It's basically just a normal pitfall, but the X shape on the ground is smaller and less noticable.


----------



## oath2order (Jan 14, 2014)

Any South Korean exclusive item is rare.

I have the Bell Knickknack and Songpyeon


----------



## Cou (Jan 14, 2014)

Now that I think about it, there's really no rarest items in new leaf. But I have to agree, Korean ones  are actually very rare. It took me a long time to collect them.


----------



## oath2order (Jan 14, 2014)

Cou said:


> Now that I think about it, there's really no rarest items in new leaf.
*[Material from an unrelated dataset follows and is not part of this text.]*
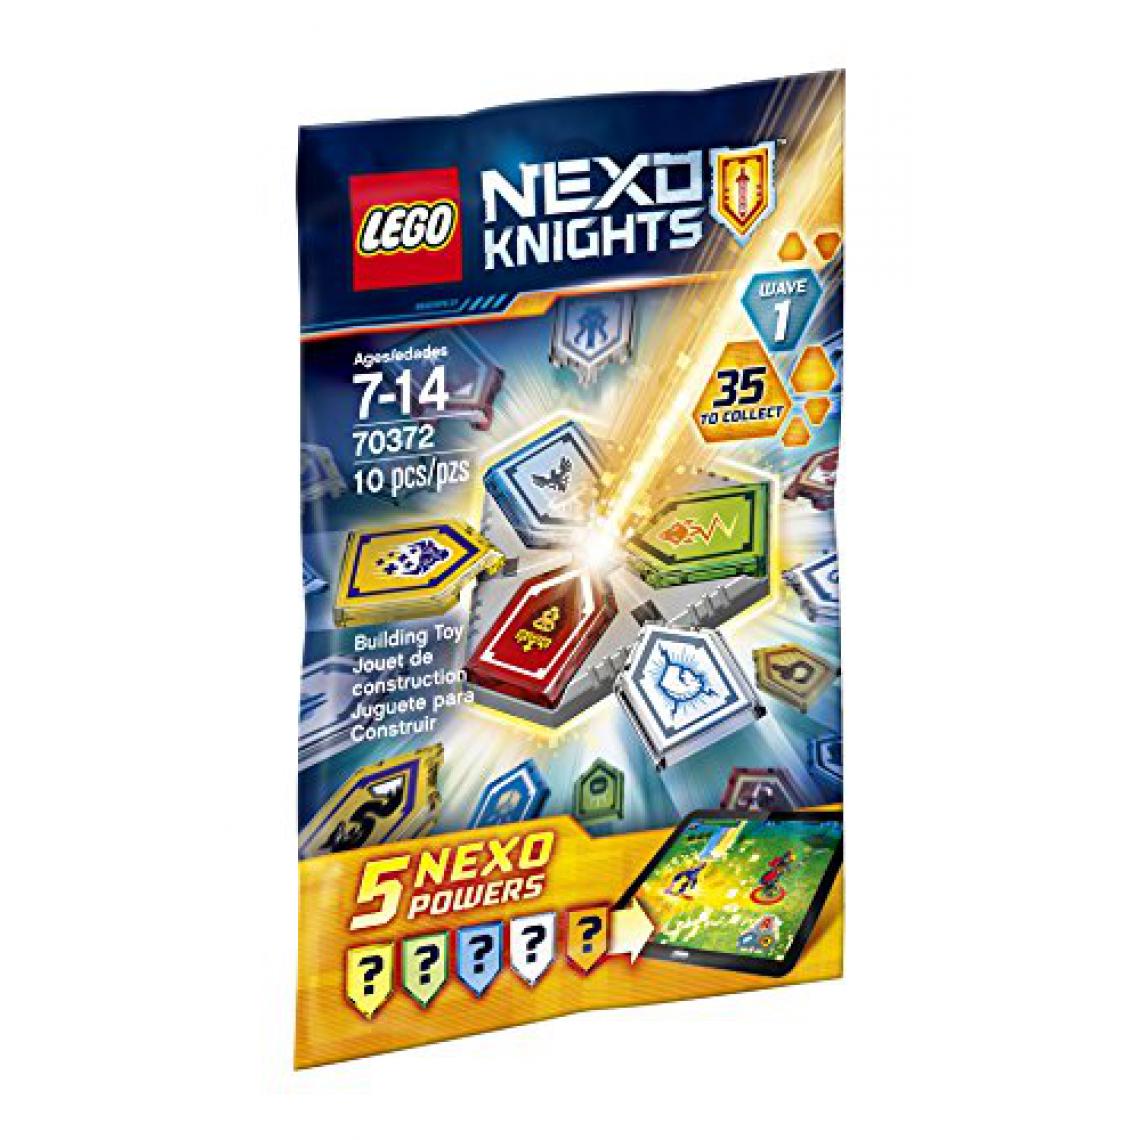 Lego - LEgO Nexo Knights combo NEXO Powers Wave 1 70372 Kit de construction (10 pièces) - Briques et blocs

But I have to agree, Korean ones  are actually very rare. It took me a long time to collect them.



You have the Korean holiday items?


----------



## Cou (Jan 14, 2014)

oath2order said:


> You have the Korean holiday items?



Yes. ^_^ Some guy was nice enough to give me all Korean holiday/DLC items.


----------



## oath2order (Jan 14, 2014)

Cou said:


> Yes. ^_^ Some guy was nice enough to give me all Korean holiday/DLC items.



We need to talk.


----------



## Cou (Jan 14, 2014)

oath2order said:


> We need to talk.



Talk to me, I'm free.


----------



## PlasticPinkPiggy (Jan 14, 2014)

I would say european items, most people on the forums have an american 3DS or Japanese 3DS. Also the golden axe/shovel along with the green new years eve hat.

I've also seen a rage at villager pics all of a sudden *cough* dupe? *cough*


----------



## Gummysaur (Jan 14, 2014)

I think the museum model is the rarest because you can't exactly TT to get it and you have to wait for Redd to come and for fossils and the seasons to come so you can catch certain bugs/fish etc...


----------



## parKb5 (Jan 14, 2014)

I'd have to say it's the 7-11 set from Japan, since they are unorderable and they were only available for download at an actual 7-11 in Japan for a limited time in late 2012 and early 2013, so at this point the only way you can get them is through trade (or dupe).


----------



## FancyThat (Jan 14, 2014)

Agree with Korean items being the rarest closely followed by Japanese items.

For me personally though there aren't many rare items as I have friends in all regions who frequently give or trade items with me. As a result I have every holiday item available in game (and in some cases multiples of the items), items related to holidays like items sold during those holidays, and most DLC from all regions that has been released so far. Soon to be getting a kimbap plate  (my friend informs me it's out this month). I get things like hybrid seed bags and bulb bopper sets given to me as well. Also due to the lovely people on this site who have really helped me out hosting holidays and giveaways and helped me with cataloguing reorderables and obtaining rare sets .


----------



## ginx1028 (Jan 14, 2014)

Supermarket wallpaper and carpet. Hack only item.


----------



## Jake (Jan 14, 2014)

nothing is rare because you can dupe it

actually i would say the bingo card, because it cant be stored/sold/dropped - so it can not be duped.
It's only available during the winter, where after it becomes an expired card. so it exists naturally for ~3 months give or take and can't be duped, so it's a rare item. maybe there are others like this but this is all i can think of.


----------